所以 I/O multiplexing 為 Blocking I/O 的一種。但 `select()` + `read()` 比單一 `read()` 的好處在於 `select()` 可以同時等待多個 `file descriptors` (`fd`)。
在呼叫 `select()` 時所傳入的是多個 `fd set`,而非只是一個 `fd`。只要 `fd set` 中任一個以上的 `fd` 的 I/O 資料準備就緒,`select()` 就會返回。呼叫 `select()` 的 User space process 必須 iterate `fd set` 來檢查是哪幾個 `fd` 可以進行 I/O operation,而後再呼叫 `read()`、`recvfrom()` 讀取資料。此時 I/O 資料應準備就緒,可以直接讀取。但也有例外,e.g. `select()` man page 所述:
> Under Linux, select() may report a socket file descriptor as "ready for reading", while nevertheless a subsequent read blocks. This could for example happen when data has arrived but upon examination has wrong checksum and is discarded. There may be other circumstances in which a file descriptor is spuriously reported as ready. Thus it may be safer to use O_NONBLOCK on sockets that should not block.

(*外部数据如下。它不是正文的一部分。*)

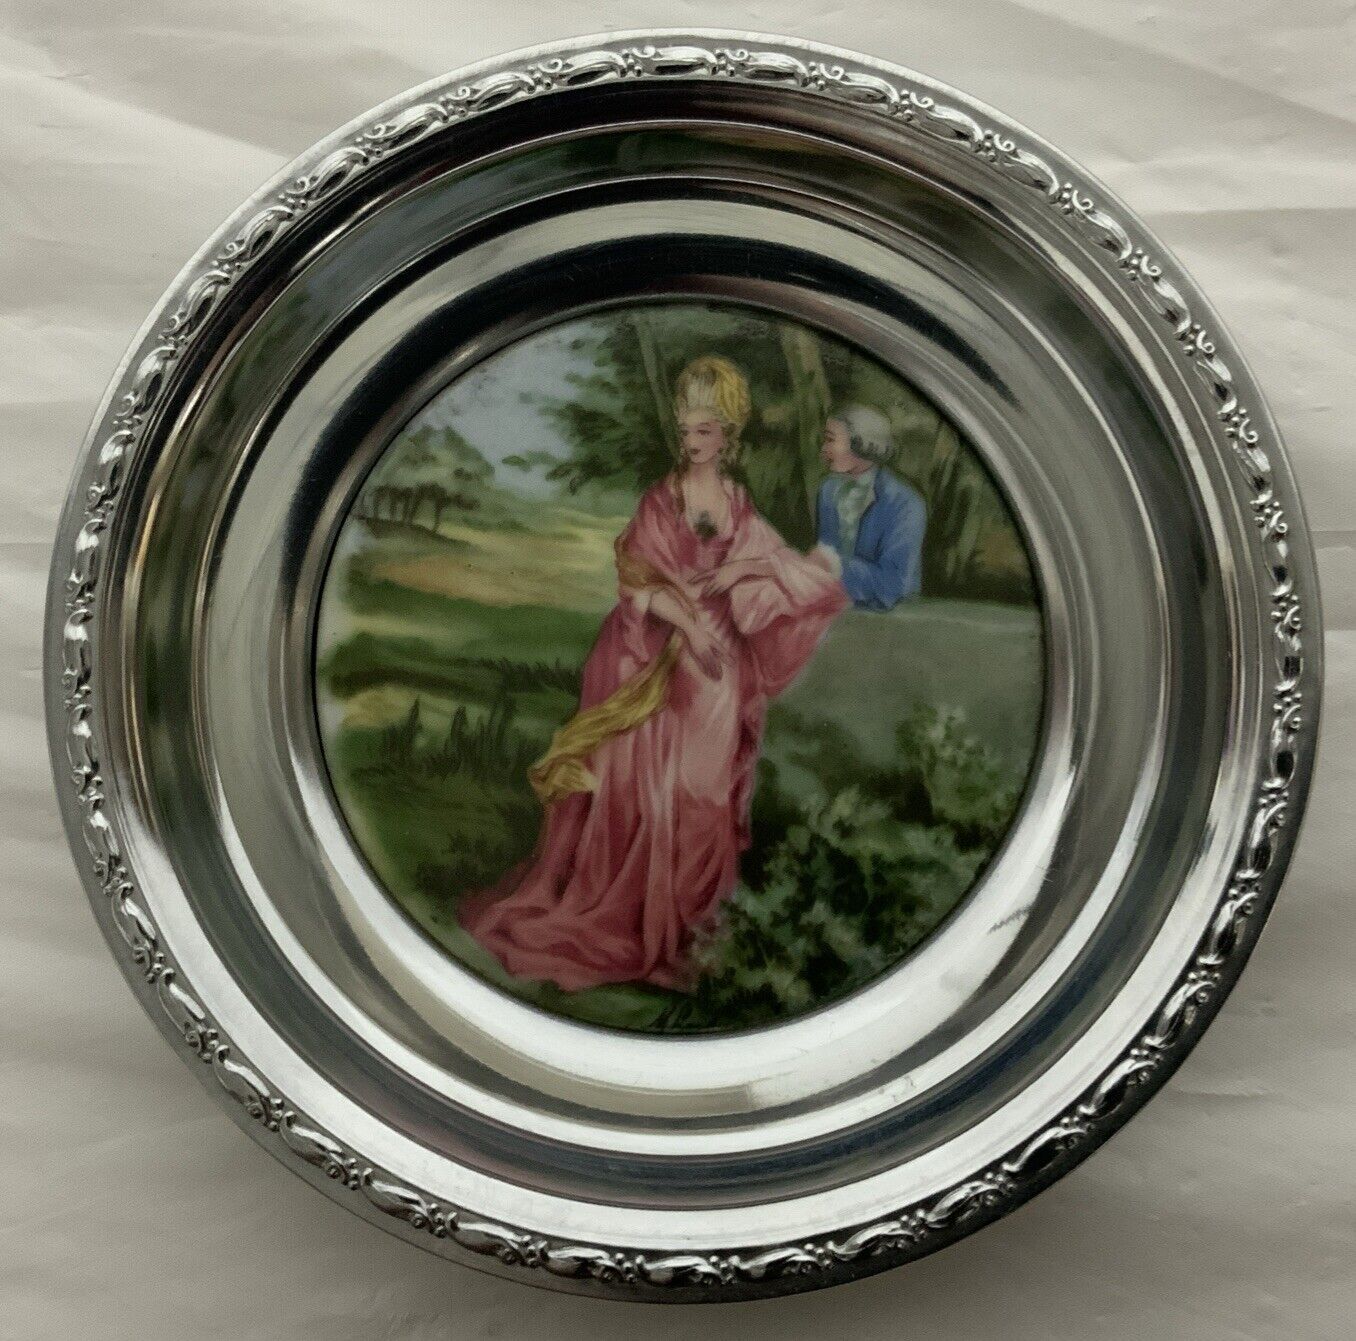 Vinage Porcelain & Silver Color “Courting Couple” Trinket Tray

`select()` 後的 `read()`、`recvfrom()` 是 Blocking I/O 或是 Non-blocking I/O,還是依是否設了 **O_NONBLOCK** flag 而定。將 **read()** 或 **recvfrom()** 設為 **NON_BLOCKING** 才可以避免 User process 再次被 blocked。
P.S. 由於 `select()` 最多只可同時 "監控" (watch) 1024 個 `fd`,且當返回時,User space process 還必須 iterate 整個 `fd set` 才可以知道是哪些 `fd` 的資料已經準備好了,效率不佳。因此才有後續的 `epoll()`。
回到 `qtest`:
1. `main()` 呼叫 `run_console()` 並將 trace cmd 檔路徑傳入。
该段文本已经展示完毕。